While in church, the preacher, who I perceived as the closest man to God in the room, told me that if I, a 7-year-old, sinned, then I was going to hell. This has always concerned me. I’m a child going to hell because of my sins? But the most important teaching from the Bible is that God loves us, and forgives us. Why would God be so vengeful as to send me — his creation that he loves so much that he sent his only begotten son to die on a cross — to hell for doing something wrong?
Some of my deepest conversations happen while I’m lying in my bed at 2 a.m., talking in the PlayStation voice chat. One night, I talked with two of my closest friends, Mike and Gabe, and like most nights, Gabe brings up religion to Mike, who recently converted to Catholicism. Gabe is looking for a religion and Mike isn’t necessarily courting him to Catholicism, but is telling the history of the religion and how it is rooted in the Biblical stories that relate to God.

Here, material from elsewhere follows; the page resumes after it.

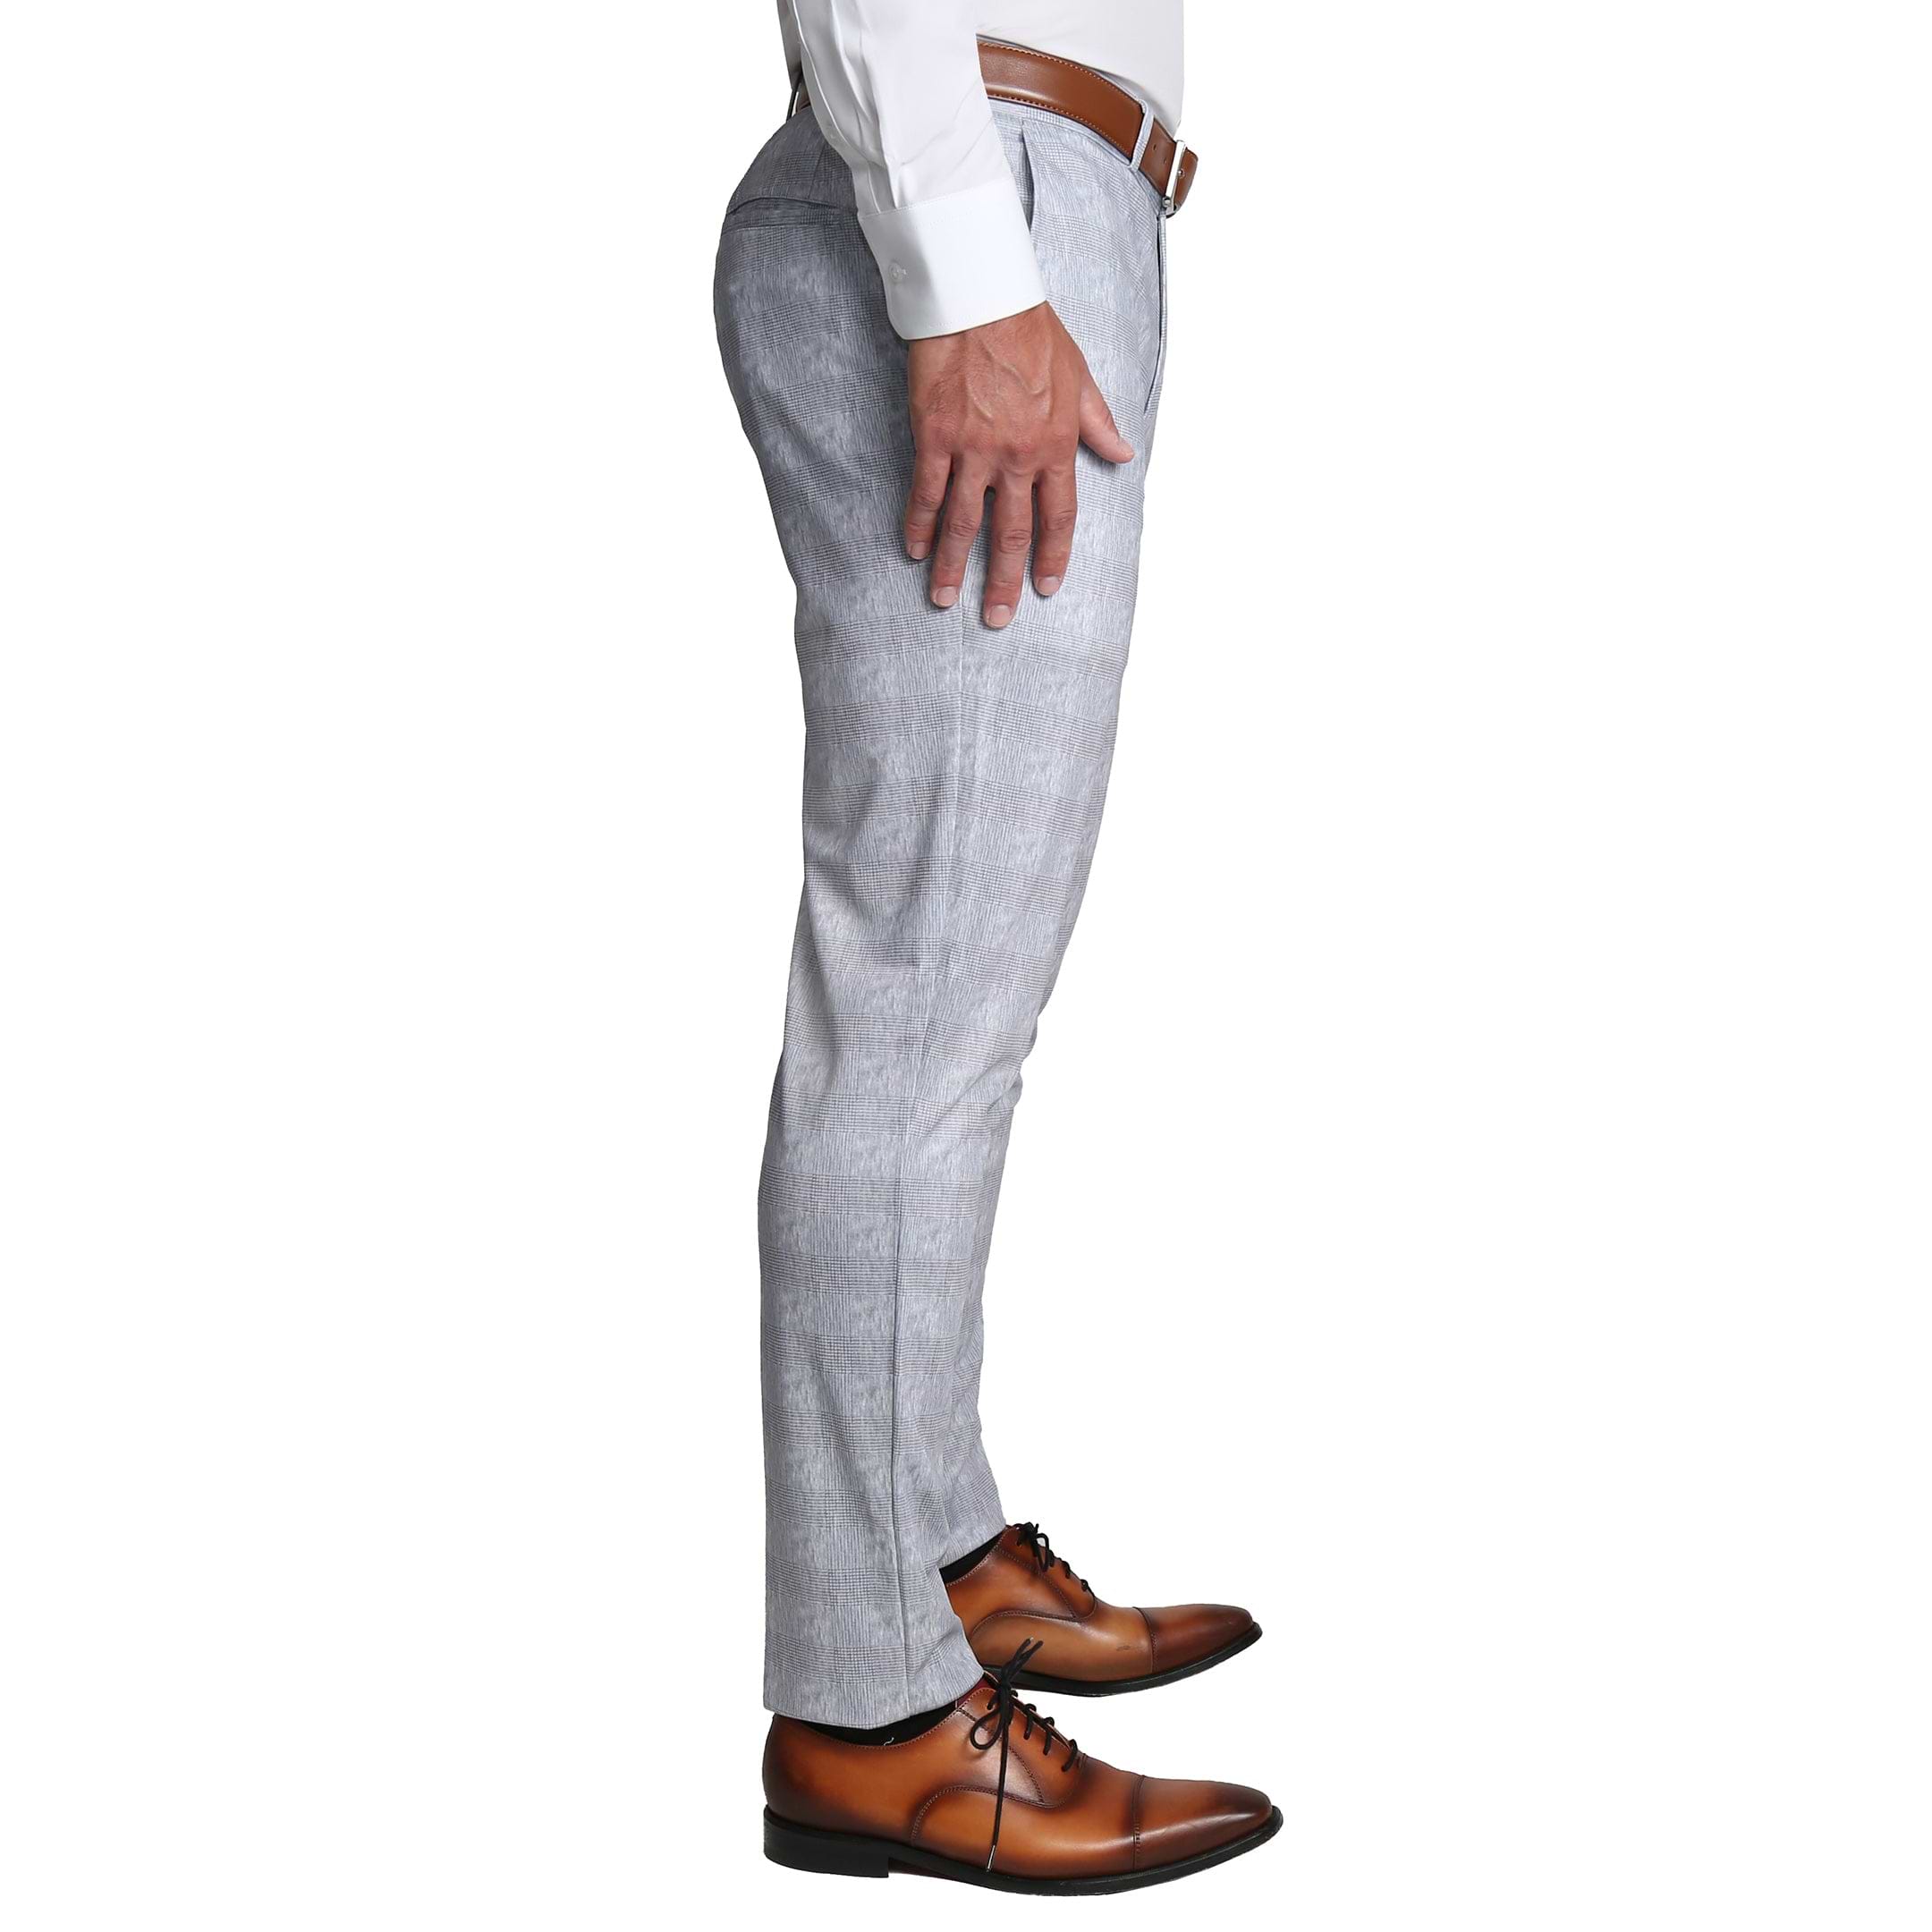 Athletic Fit Stretch Suit - Light Grey Plaid

Gabe brings up the killing of the Canaanites — a story in the Bible in which God commanded the people of Israel — his people — to attack the nation of the Canaanites. Killing, along with other violent actions, don’t exactly correlate to the rest of God’s teachings. So, Gabe asks about the morality of these actions and why God in the Bible commanded his creation to kill other elements of his creation. Mike responded, saying that God is infallible and his morality is what the morality should be.

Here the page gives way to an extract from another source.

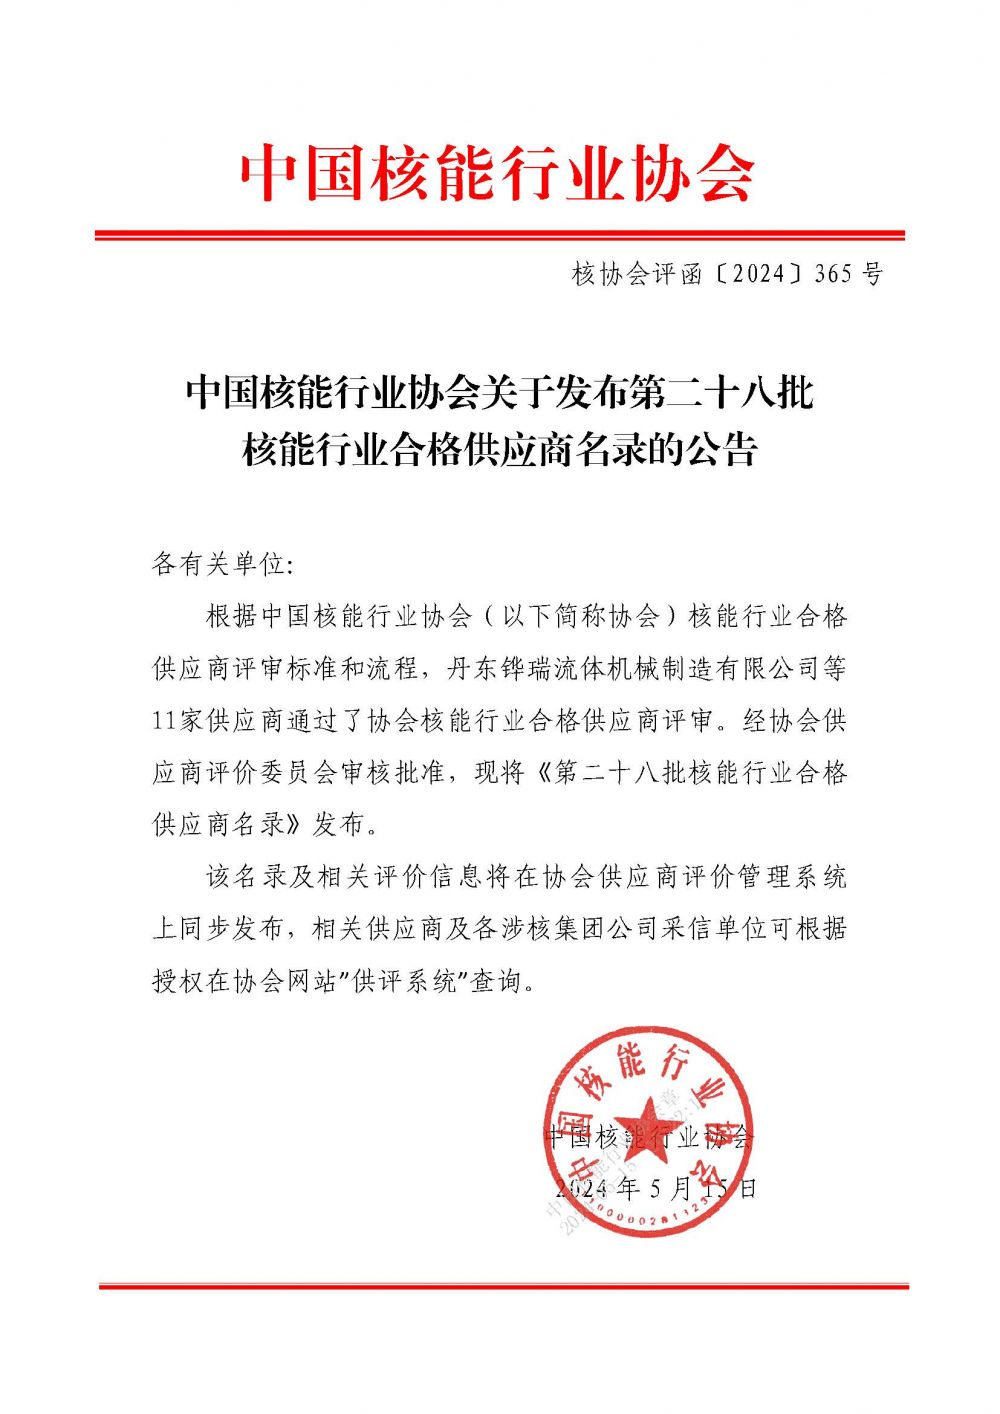 中国核能行业协会关于发布第二十八批核能行业合格供应商名录的公告_页面_1.jpg

I then chimed in and asked, “Well if God directs people to kill, and even if the killing was in the name of the Lord, and I disagree with those commands, then what would happen?”

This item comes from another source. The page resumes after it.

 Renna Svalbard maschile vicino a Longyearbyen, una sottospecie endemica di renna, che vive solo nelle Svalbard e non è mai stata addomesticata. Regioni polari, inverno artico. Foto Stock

“Then you’d be labeled an apostate,” Mike said.
Apostasy is considered a serious offense against God. Yet because of my morality of not wanting to kill other humans, I would be labeled as an apostate; a sinner.
Like the preacher who told a 7-year-old me that I was going to hell if I sinned, this discussion has resonated with me for years.
I wonder, “What kind of god is God?”
Is he a loving god? A hateful god? Is there a god?
I do not have an answer to any of those questions. But I do cling to my morals.
As Mike and Gabe continued their deep discussion about the stories and theories of morality of religion, I wondered, “Why do you need to research to find religion?”
I’m not saying that one shouldn’t study and look into a religion to follow it or not. But why in search of religion — which is meant to be the moral compass that people have lived, died and in some cases hope to live again for — have to come out of a book? It should be something that one feels, something that moves and pushes one to be better. Something that gives one comfort and answers.
According to The Pew Research Center, in 2021 29% of Americans identify as religious “nones.” I wouldn’t describe that as me. I don’t run from confronting religion, but at the same time I don’t think that I am “not religious.” I am comfortable with my stance in time. I do not feel I need to go out in search of a book that tells me I’m going to be damned for eternity, because I don’t think that’s true. I don’t have many questions, but I also don’t have answers.
I don’t know what happens when we die. I don’t know how we came to live on a planet that materialized out of an explosion to give us the most habitable conditions. And out of all the world religions, I don’t know which one, if any, are right.
What I do know is that I am alive, I have love and I am me. I know right from wrong, have strong morals and show compassion to others. I know I would turn down a request to murder other people, even if that request came from God.
Call me a sinner or call me an apostate, but I know that I’m enough.